This was posted as a Paper Solvable puzzle so I won’t start with Prelims although some will get used during my solving path.
Candidates are only placed when stated, even though they may be implied by "only remaining combination" for cages.

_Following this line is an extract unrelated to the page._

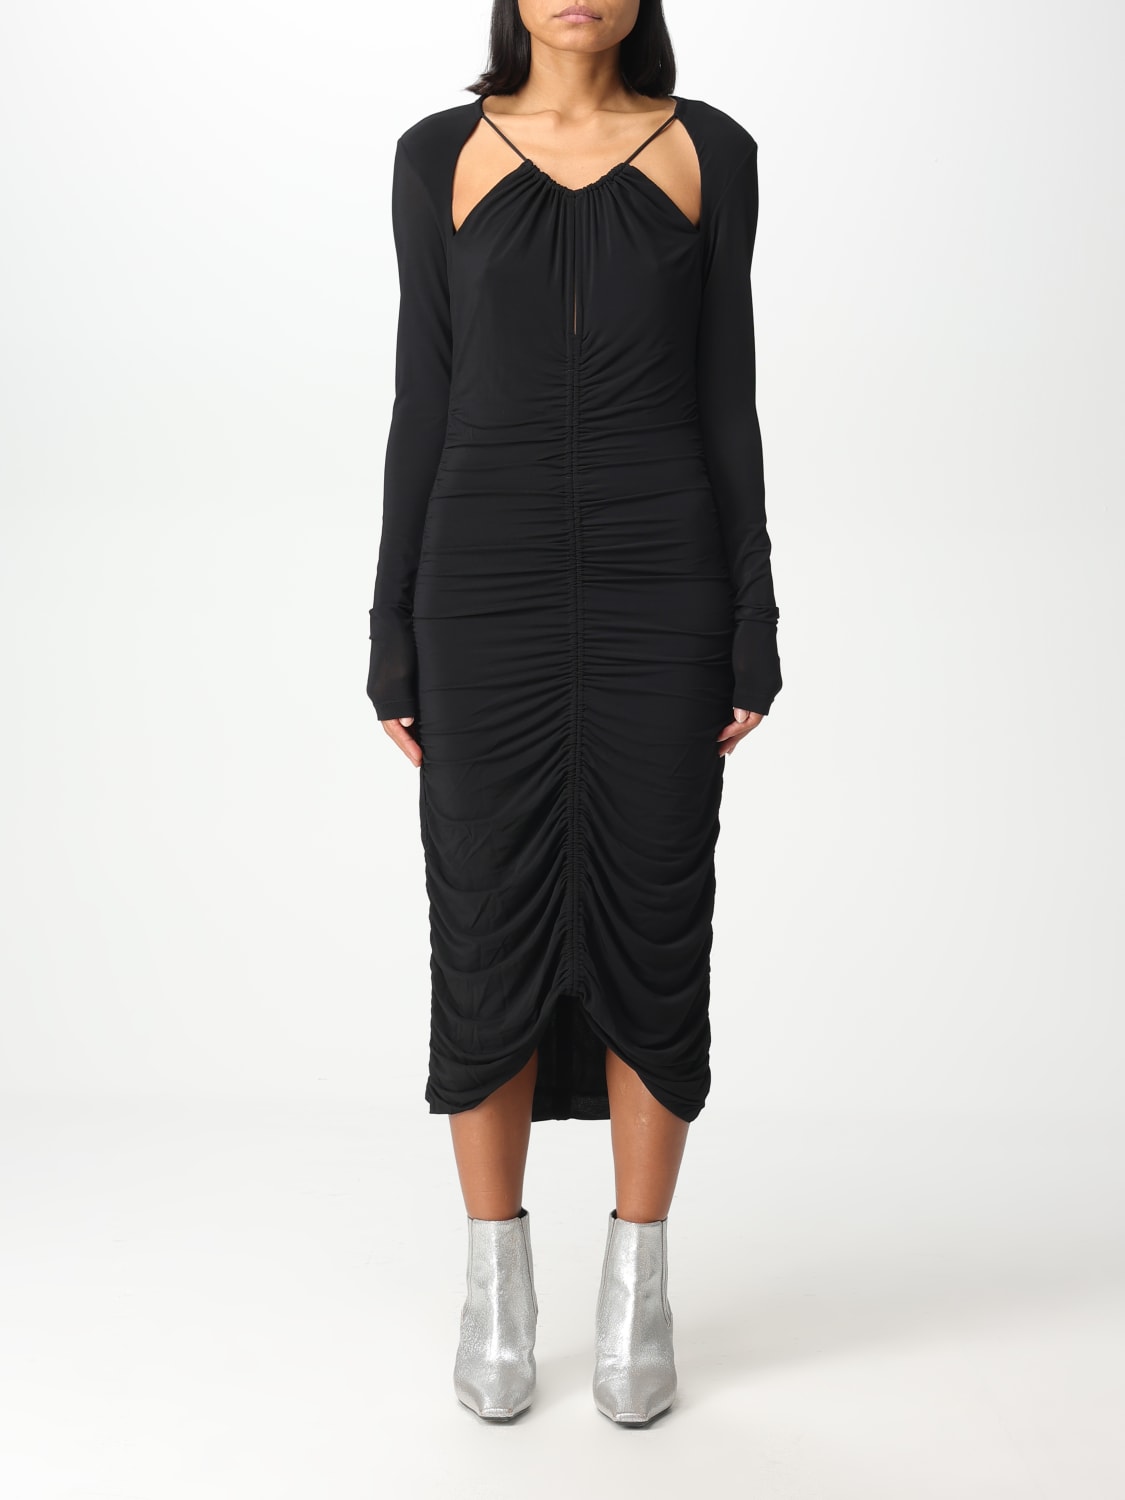 MARANT: dress woman - Black | Isabel Marant dress RO0180FAA3K14I at GIGLIO.COM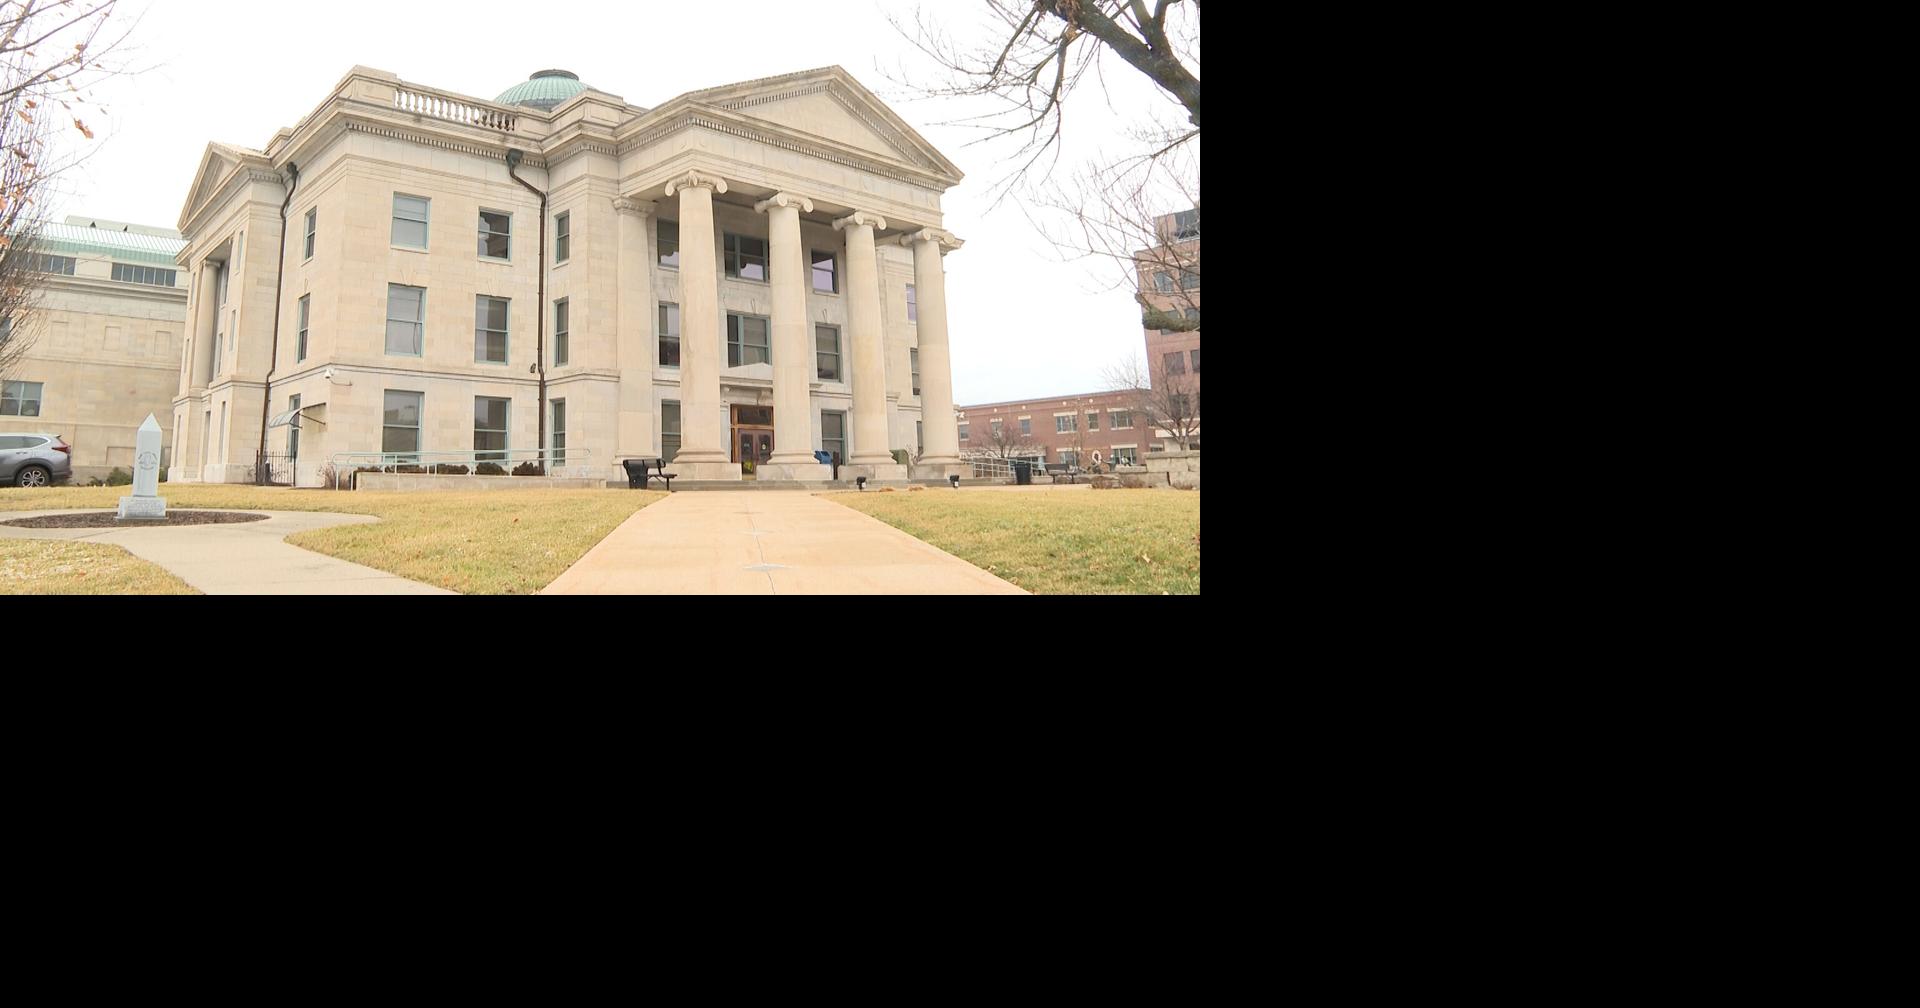 Missouri Senate bill aims to protect judicial information

1. 45 rule on R9 2 innies R9C12 = 4 = {13}, locked for R9 and N9
2. 38(6) cage at R8C2 cannot contain 1,2,4 -> R9C2 = 3, R9C1 = 1
2a. Rest of 38(6) cage contains 5,6,7,8,9, locked for R8
2b. R8C1 = {24}, 1,3 in R8 only in R8C789, locked for N9
[Alternatively 45 rule on R89 5(4+1) innies R8C1789 + R9C1 = 11 -> R9C1 = 1 (because min R8C1789 = 10) but that’s a higher rated step even though it’s a paper solvable one.]
3. 42(7) cage at R1C1 cannot contain 1,2 -> 33(6) cage at R1C5 must contain 1,2 in R1, 35(7) cage at R4C2 must contain 2 in C1 (1 is already placed)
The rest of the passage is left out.